Он вдруг припомнил теперь, как плакал тайком о гибели Пушкина, страшась попасть на глаза сослуживцам, отворотившись к грязной стене, как предусмотрительно прятал, входя в канцелярию, священные имена в самые дальние тайники, старательно делая вид, что никогда и не слышал о них, как осторожно обращался с гуманитетом, хитроумно согласуя его с очевидным варварством цензурных уставов, соблюдение каждой буквы которых являлось исполнением досточтимого долга.

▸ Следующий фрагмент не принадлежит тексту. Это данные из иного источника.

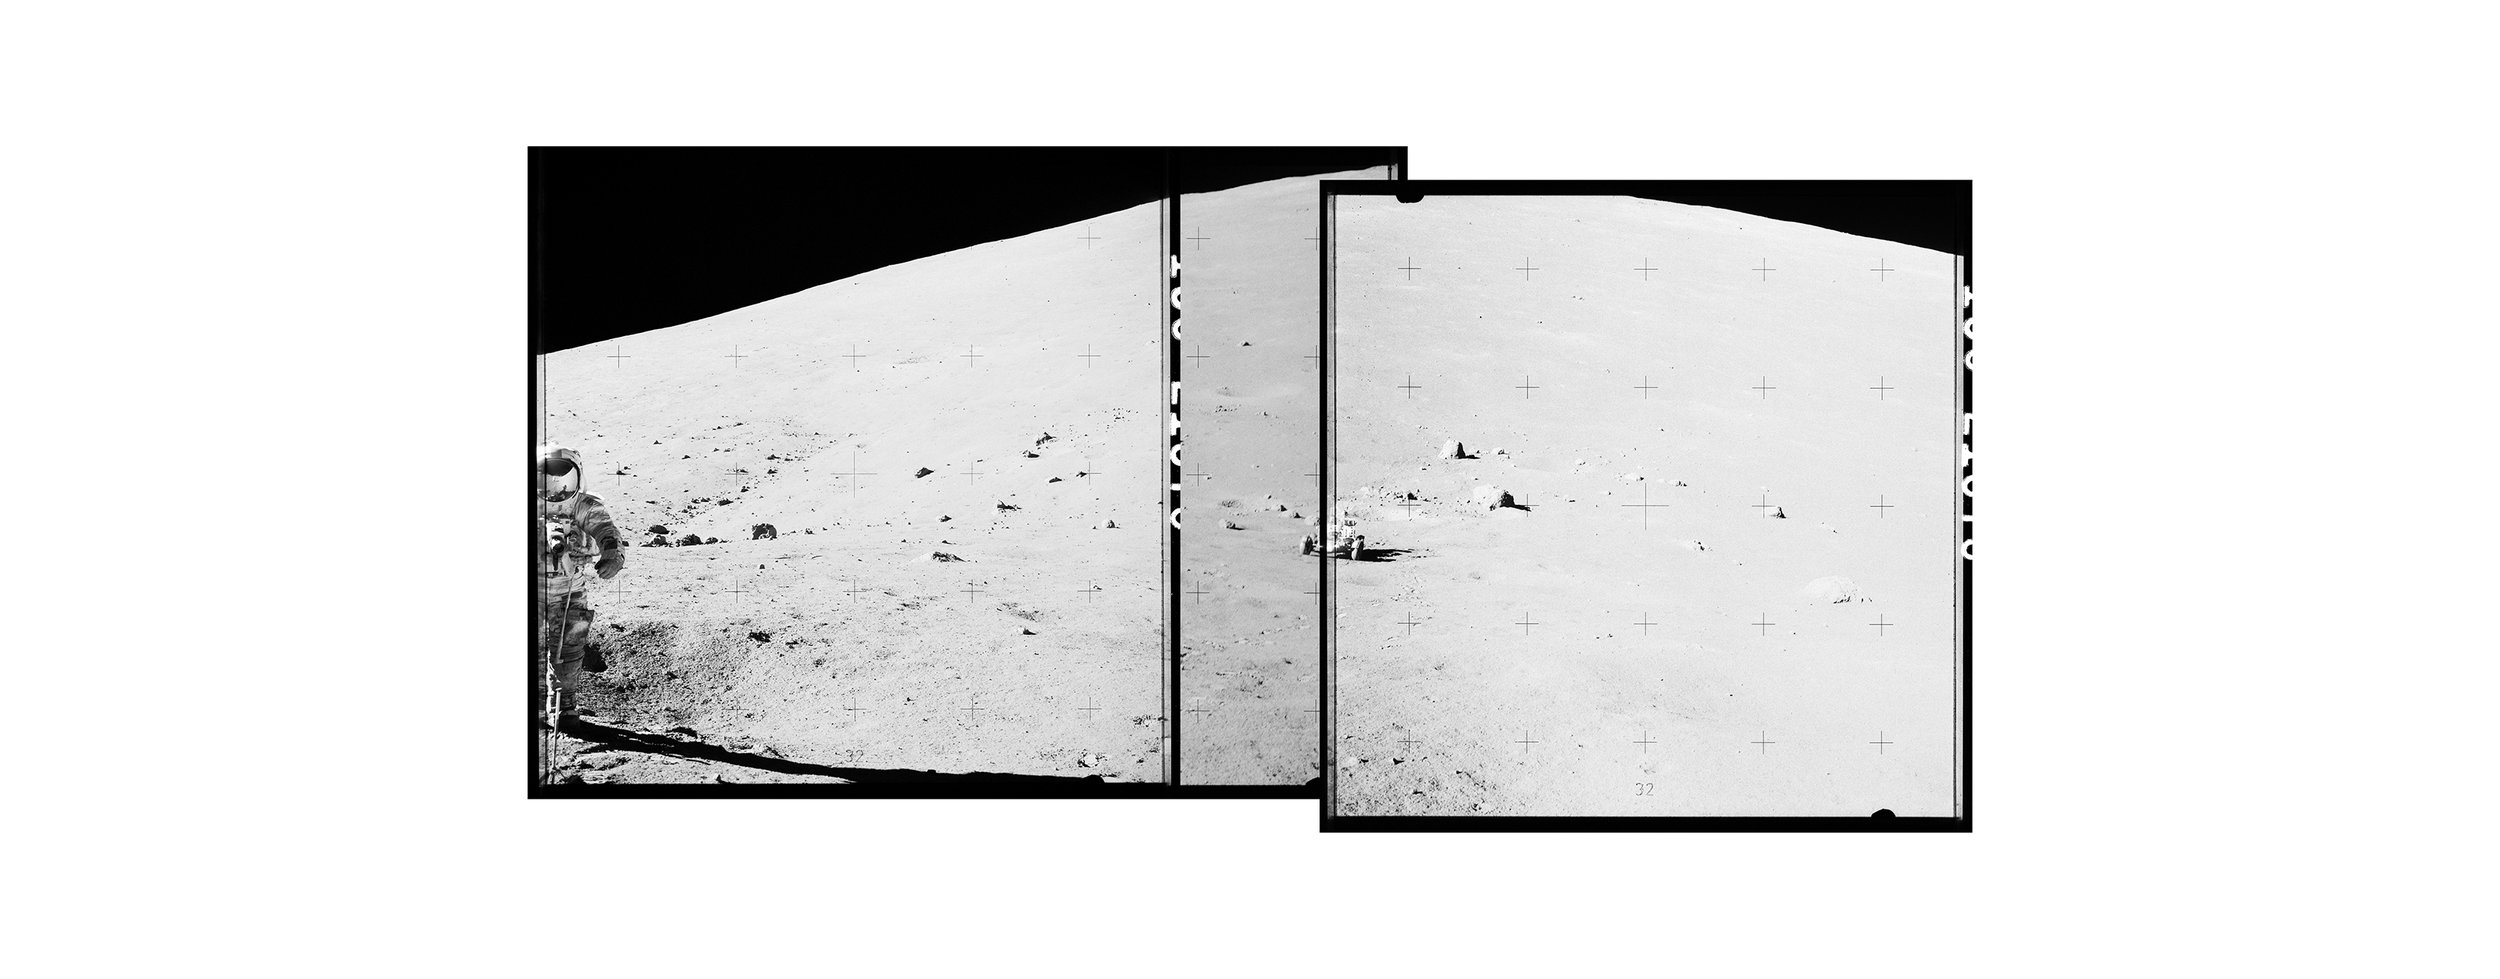  Taurus Mountains with an astronaut (110x60)Apollo 17 Magazine 138/L - NASA photographs1972

Он жизнь свою превратил в двусмысленную игру. Он заставлял себя шествовать в департамент неторопливо, спокойно и важно, как это делал всякий солидный, заслуженный бюрократ. Он заставлял себя снисходительно улыбаться швейцару, который почтительно распахивал перед ним широкую дверь. Он обязывал себя глубокомысленно болтать ни о чем со своими коллегами по входящим и исходящим. Он приучил себя аккуратно и тонко очинивать перья. Он старательно изготавливал чернила самого нужного колера. Он терпеливо раскладывал бумаги по спешке и важности их. Он внимательно прочитывал каждую букву, пытаясь обнаружить хотя бы слабую тень живого, здорового дела. Он искусно придумывал обстановки, поправки, ссылки и пункты. Он приучал свое открытое, жизнерадостное лицо не меняться ни при каких обстоятельствах. Он приневоливал свои выразительные глаза не выражать ничего.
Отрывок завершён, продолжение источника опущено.